Услышав ее вой, крупный белоголовый вол поднял морду и замычал, давая знать, что он тоже страдает, что он устал, голоден и хочет отдохнуть. Соседние волы, быки и коровы тотчас ответили ему сочувственным мычаньем. Молодой строптивый бычок где-то впереди, широко расставив ноги, упер голову в землю и остановился. Но останавливаться было нельзя, потому что этот переход был самым длинным, и до ночевки в Сувалане оставалось еще много верст.
Коротконогий, коренастый человек, в шапке спутанных черных волос, осыпал быка ударами палки, перемежая их самыми нежными словами, которые приходили ему на ум:
— Да ну, сыночек! Да ну, атласный мой! Да ну, цветочек! Ну иди же!
Бычок посмотрел на хозяина прекрасным, ясным, как небо, глазом и, мотнув головой, согласился идти дальше.
Хозяин его, Вагаршак, дал ему еще несколько легких ударов и вспрыгнул на арбу, отпахнув полотняную занавеску.

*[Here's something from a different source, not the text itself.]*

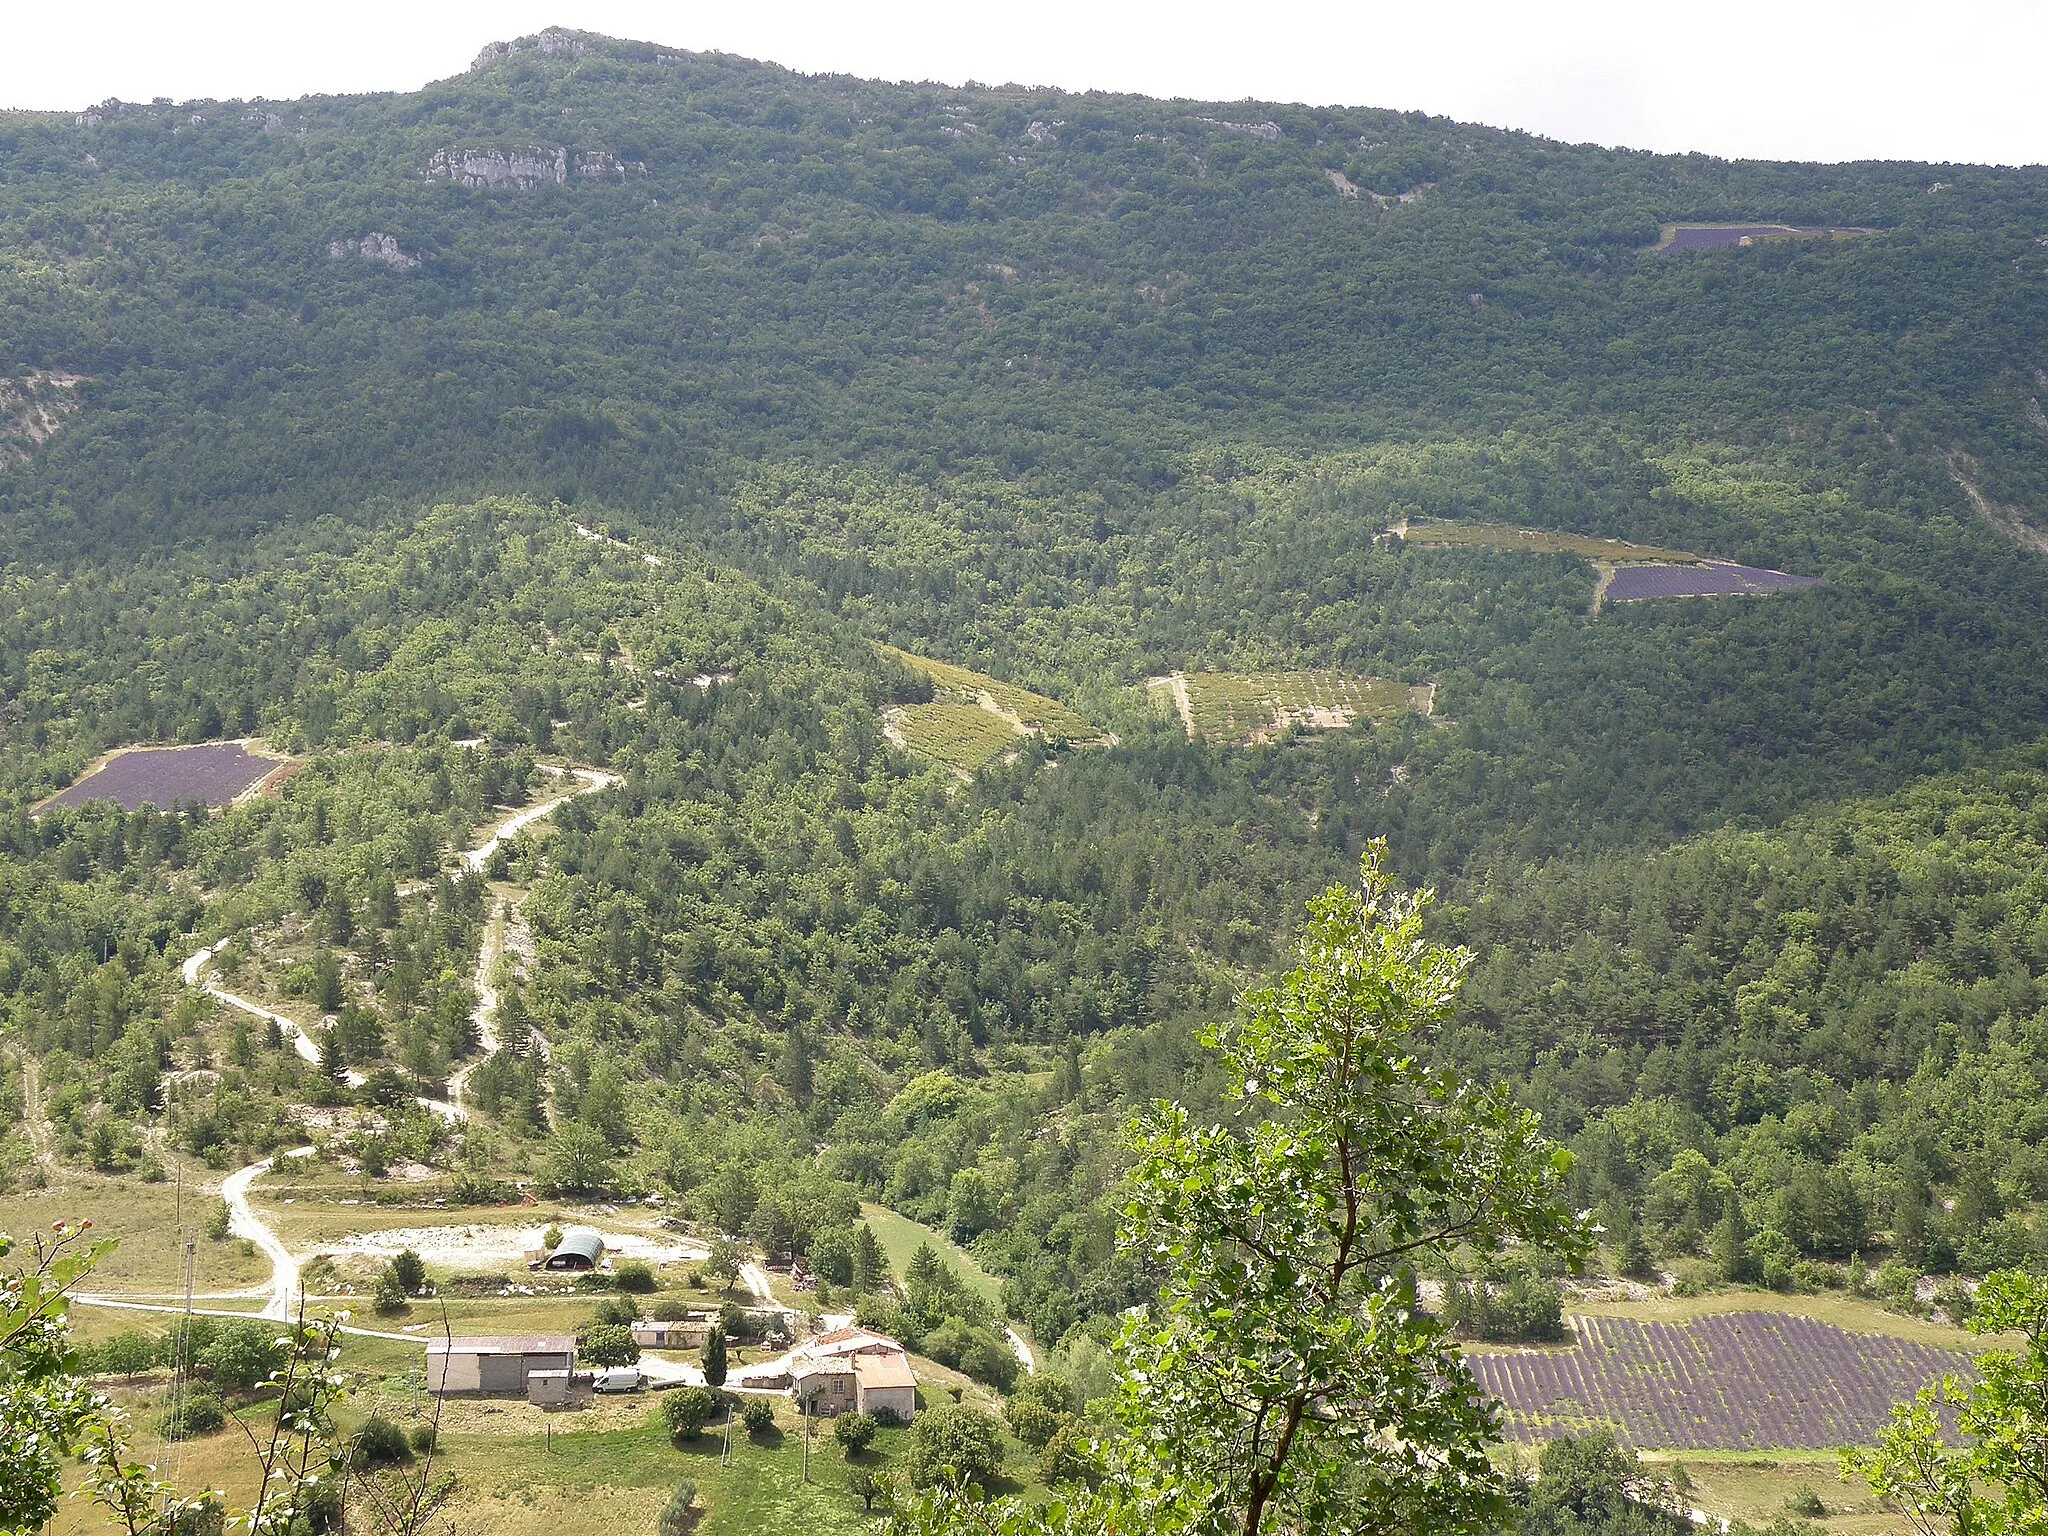 Photo showing: Vercoiran (comm. de la Drôme, France). Vallée de l'Ouvèze, vue depuis le vieux village de Vercoiran. Regard vers le sud-ouest. L'Ouvèze, qui coule en contrebas (d'est vers l'ouest, c.-à-d. de gauche à droite), est hors-champ sur la photo. Ferme d'Aire d'Autanne en bas à gauche. Au fond, montagne du Gravas (alt. 1114m.).
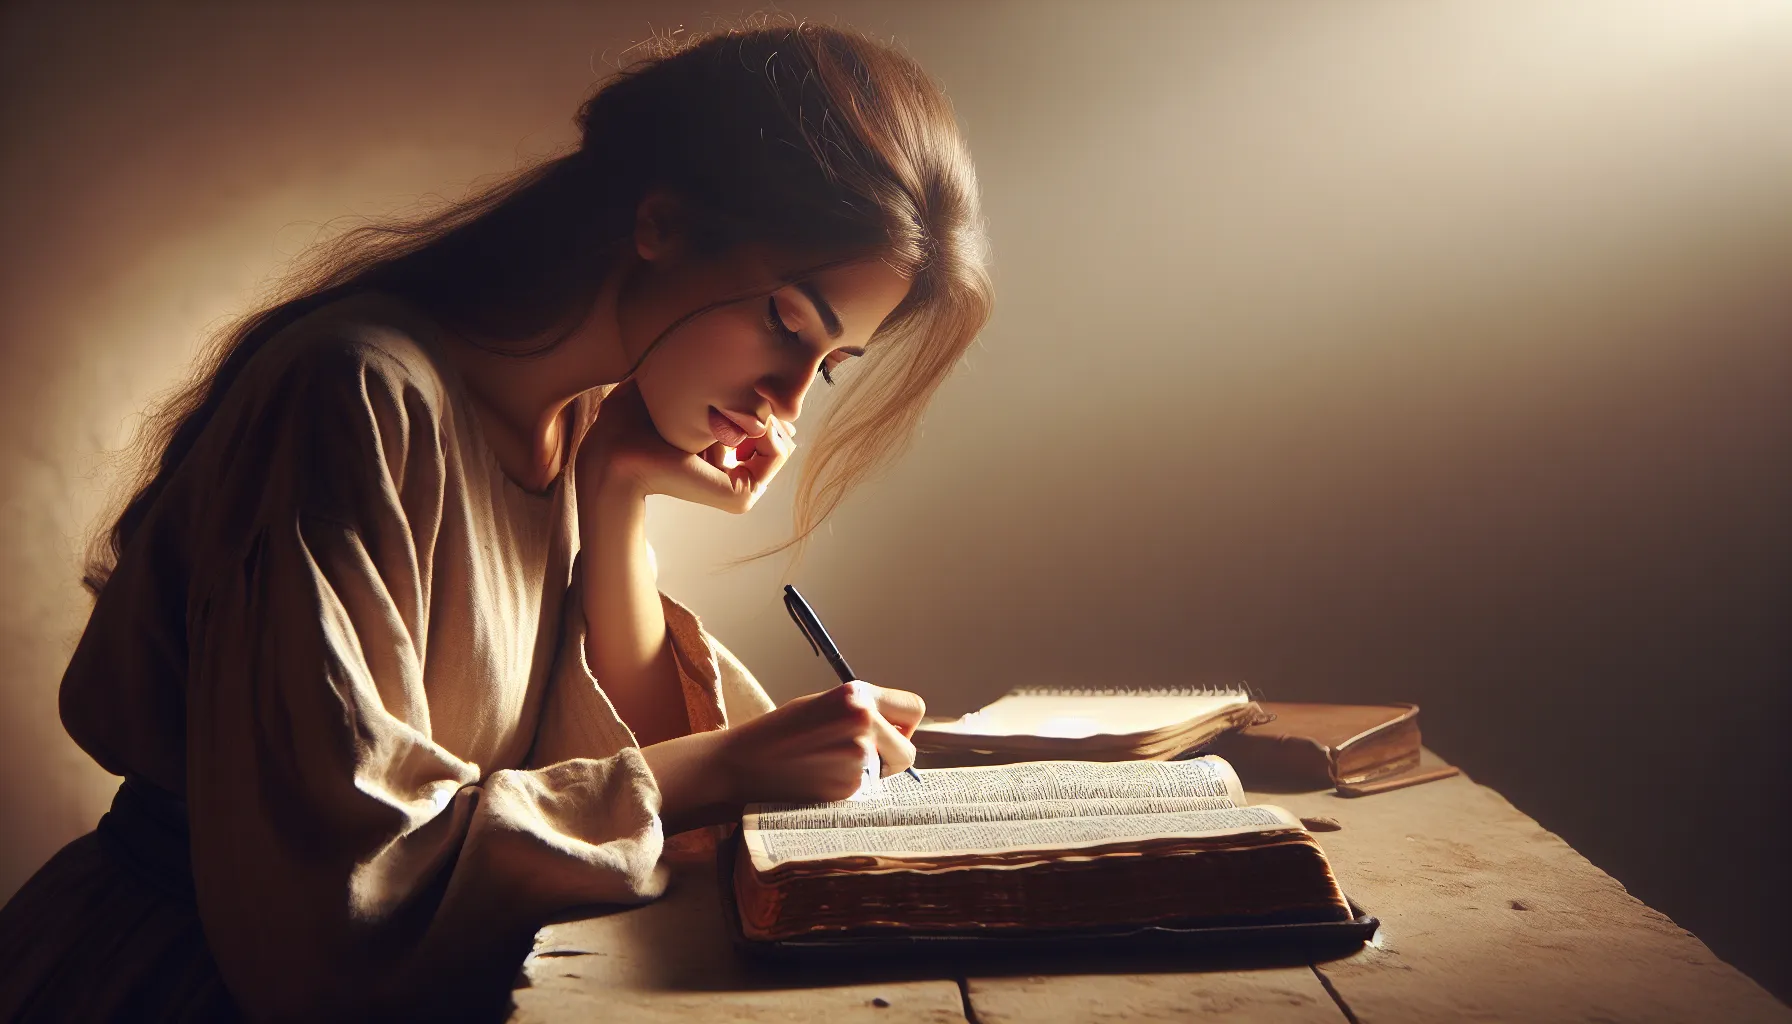 Imagen de una persona leyendo la Biblia y tomando notas para estudiar de forma efectiva.

Оттого, что заботливо прикрепленные занавески были из белой холстины, внутри арбы уютно разливался смягченный холстом солнечный свет. Похоже было на лазаретную комнату. К этому и стремился Вагаршак, несмотря на всю торопливость отъезда успевший устроить арбу так, как ему хотелось, для своей сестры Анаид. Он взял ее прямо из лазарета, где она провела последние два месяца и где было так светло и чисто среди недавно выбеленных стен.
Она была беременна, Анаид, сестра Вагаршака. В ее узких, как косточка финика, глазах светилось любопытство и пробегал испуг. Природа уже учила ее бережно относиться к своему телу, и она, лежа на уже успевшем запылиться холсте, укладывала свои маленькие ноги так, чтоб было удобно зародышу, с самой весны развивавшему в ней свою жизнь. Смуглые ручонки она часто прикладывала к детским своим грудям, которые набухали с такой странной, никогда не испытанной болью. Потребность покоя, неподвижность ленивой неги — это было главное, что она чувствовала теперь. Розовый свет солнца подчеркивал рыжеватый загар материнства на ее щеках. Пухлые губы запеклись от истомы, не покидавшей ее тело. Арба качалась, как люлька, и убаюкивала ее. Она начинала дремать, крепко смыкая длинные и черные ресницы, и вся погружалась в полусон, в котором слышнее была двойная жизнь ее тела, пока арба, круто поворачивая на спуске или натыкаясь на камень, не давала резкого толчка. Тогда Анаид подымала испуганные глаза на брата, как бы ища у него защиты, и хваталась за живот.
— Лежи, лежи спокойно! — успокаивал ее Вагаршак. — Это камень, простой камень. После Сувалана дорога пойдет лучше.
Он гладил ей волосы и, не зная, как выразить свою ласку, так крепко сжимал ей руку, что она вскрикивала от боли.